:: DATA BELOW ::
-----

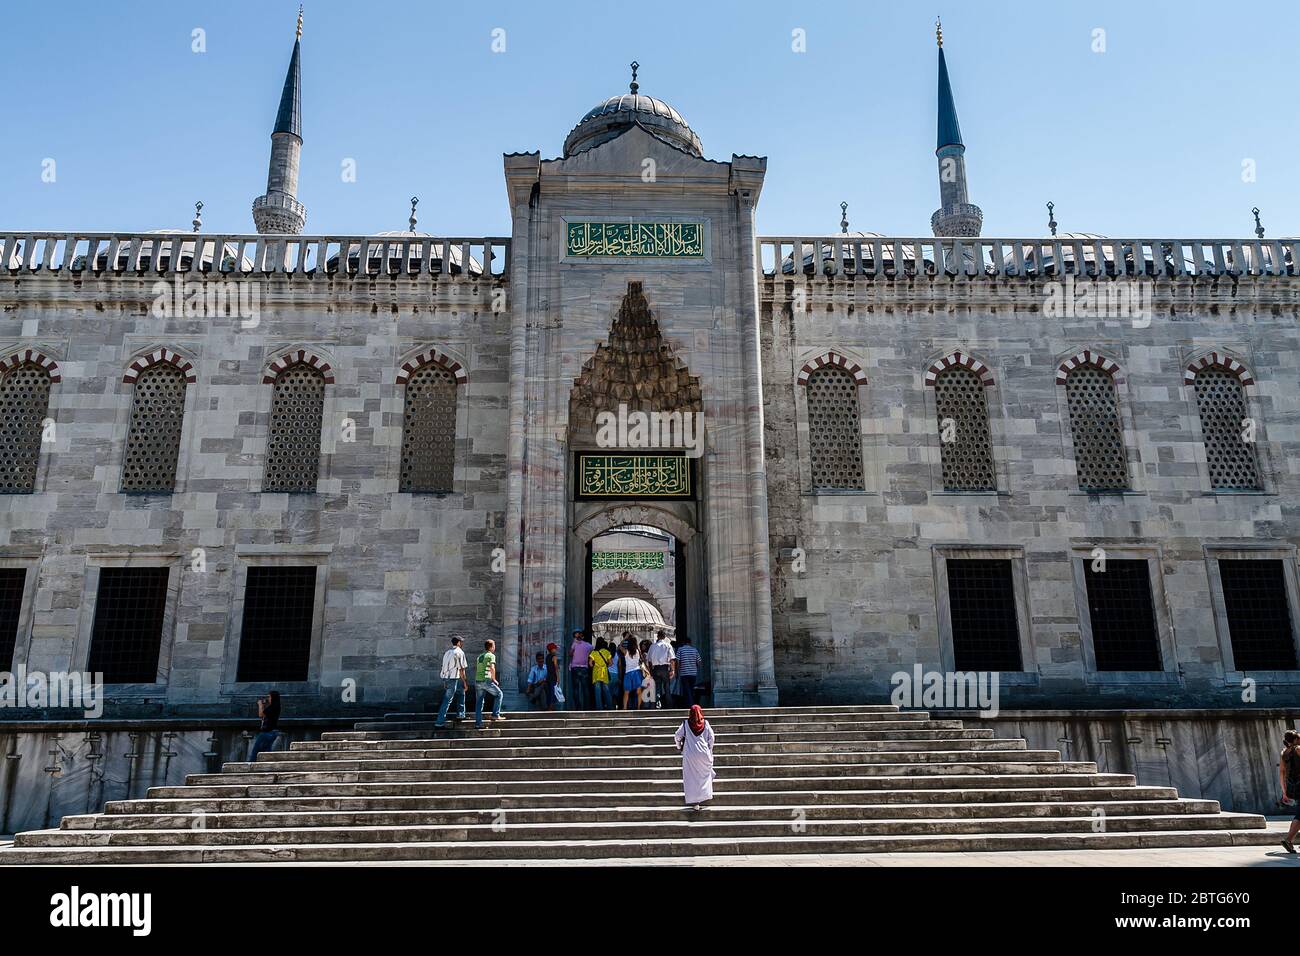 The entrance to Sultan Ahmed Mosque (Blue Mosque), Istanbul Stock Photo
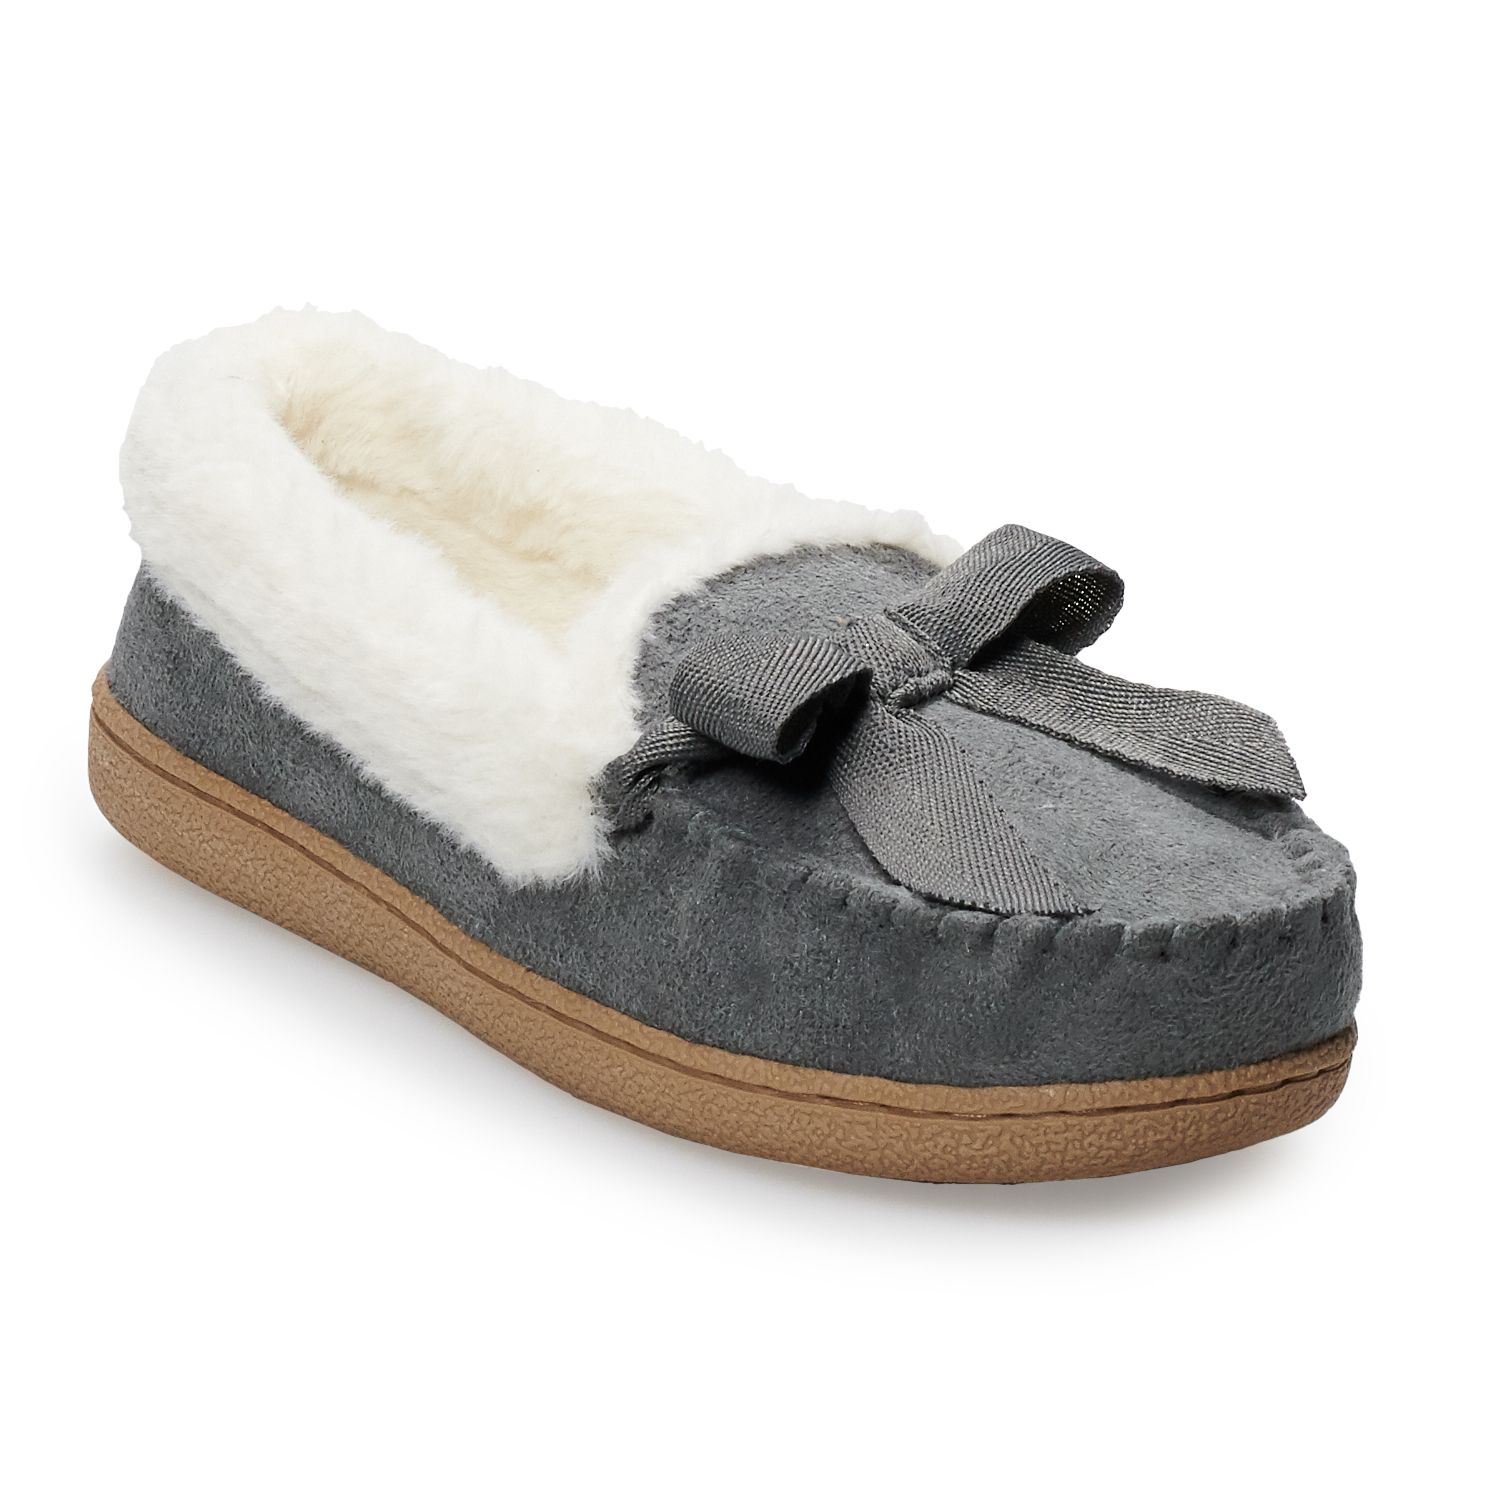 Slip On Moccasins and House Shoes for 
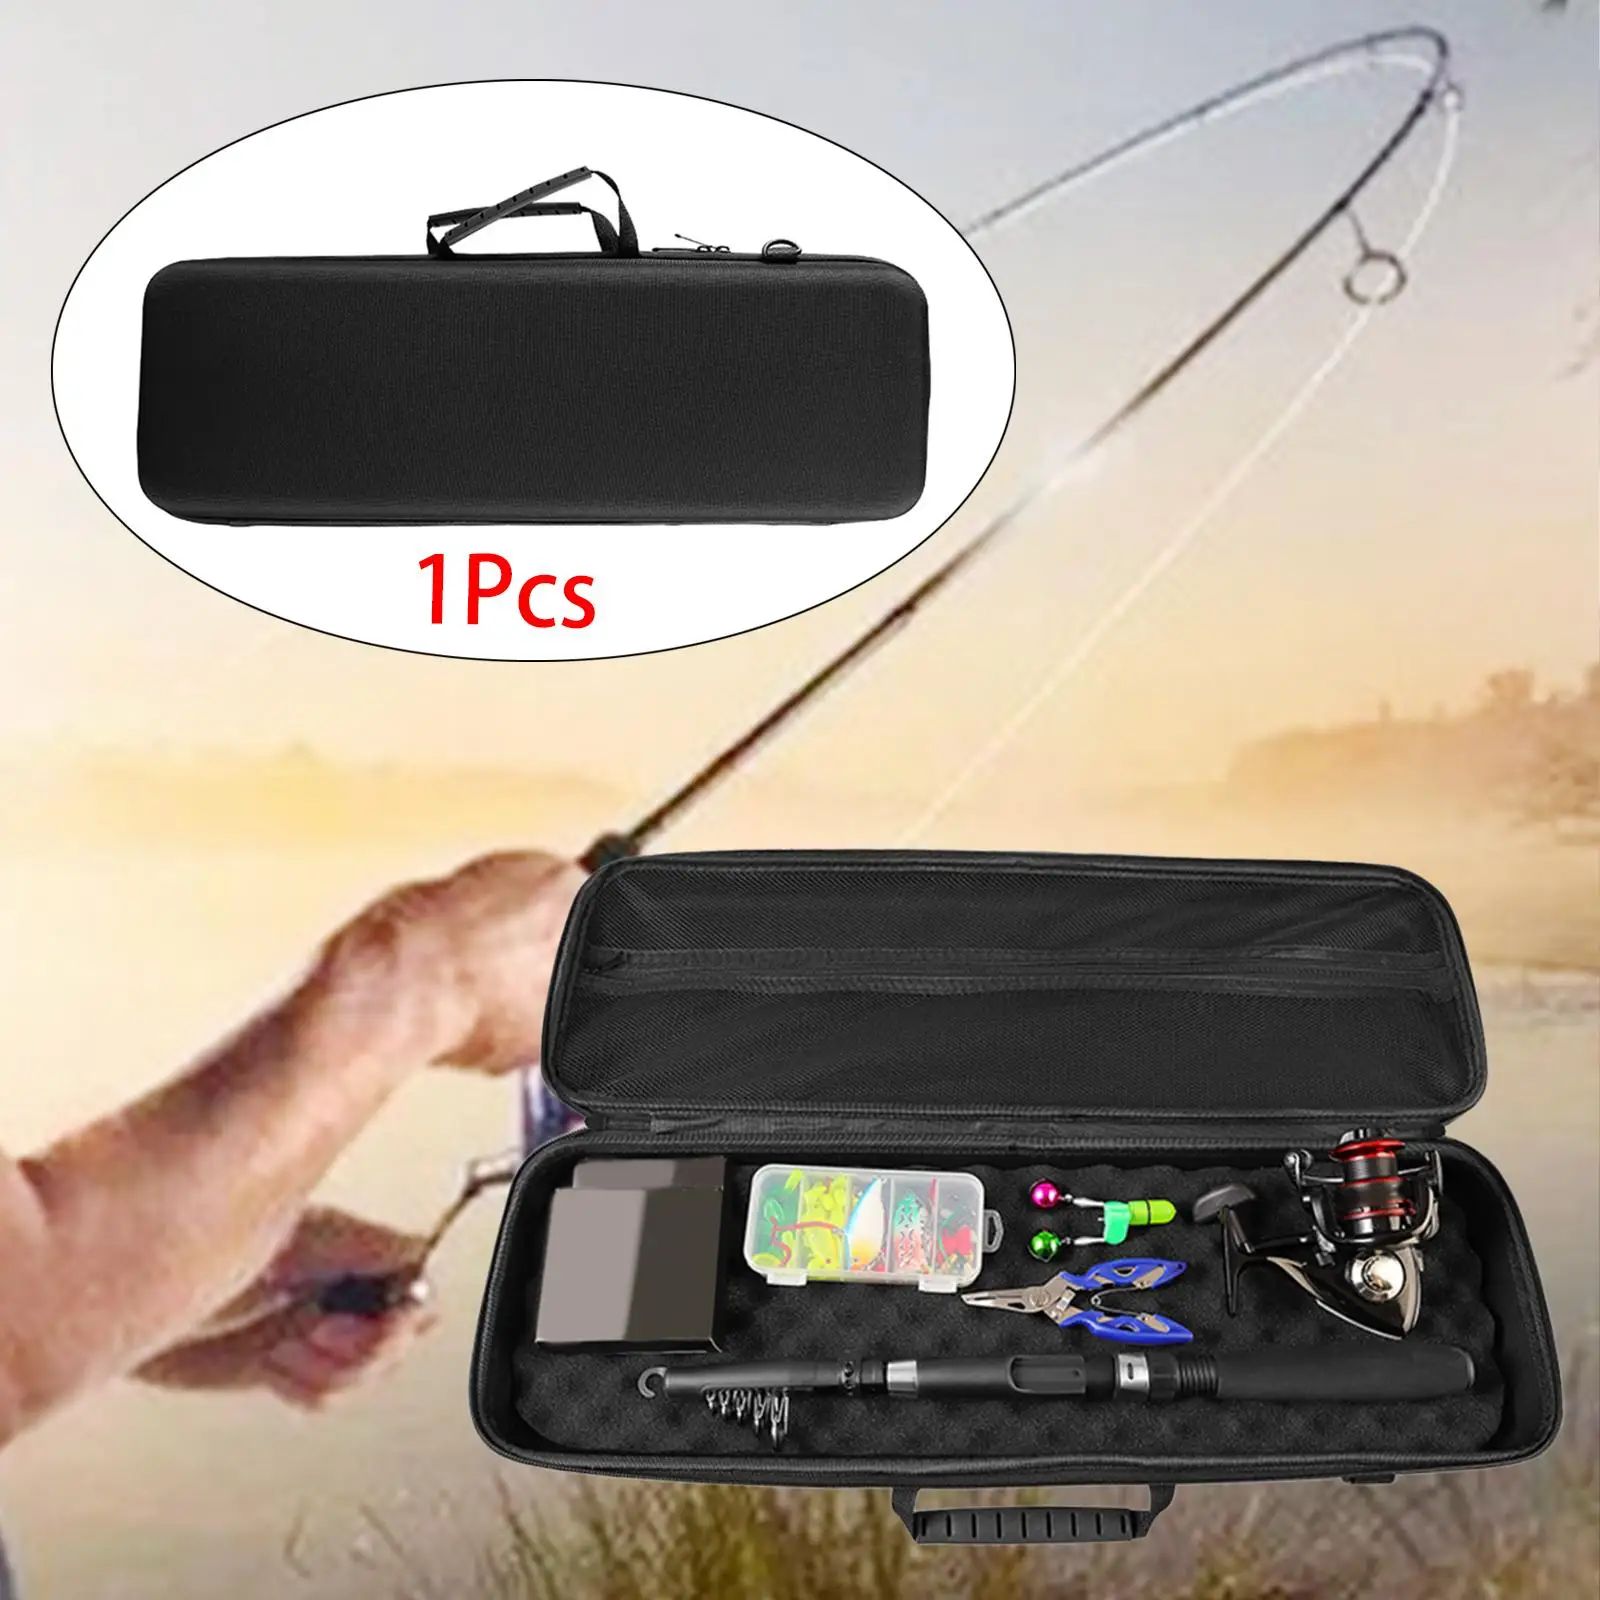 Fishing Rod Reel Bag Gear Fittings Equipment Sturdy Lightweight Practical with Strap Wear Resistance Organizer Travel Carry Case

-----

:: BRIEF ::
Retype word for word all the material given above, and keep the pictures out.

:: WRITTEN RESPONSE ::
 The entrance to Sultan Ahmed Mosque (Blue Mosque), Istanbul Stock Photo
 Slip On Moccasins and House Shoes for 
 Fishing Rod Reel Bag Gear Fittings Equipment Sturdy Lightweight Practical with Strap Wear Resistance Organizer Travel Carry Case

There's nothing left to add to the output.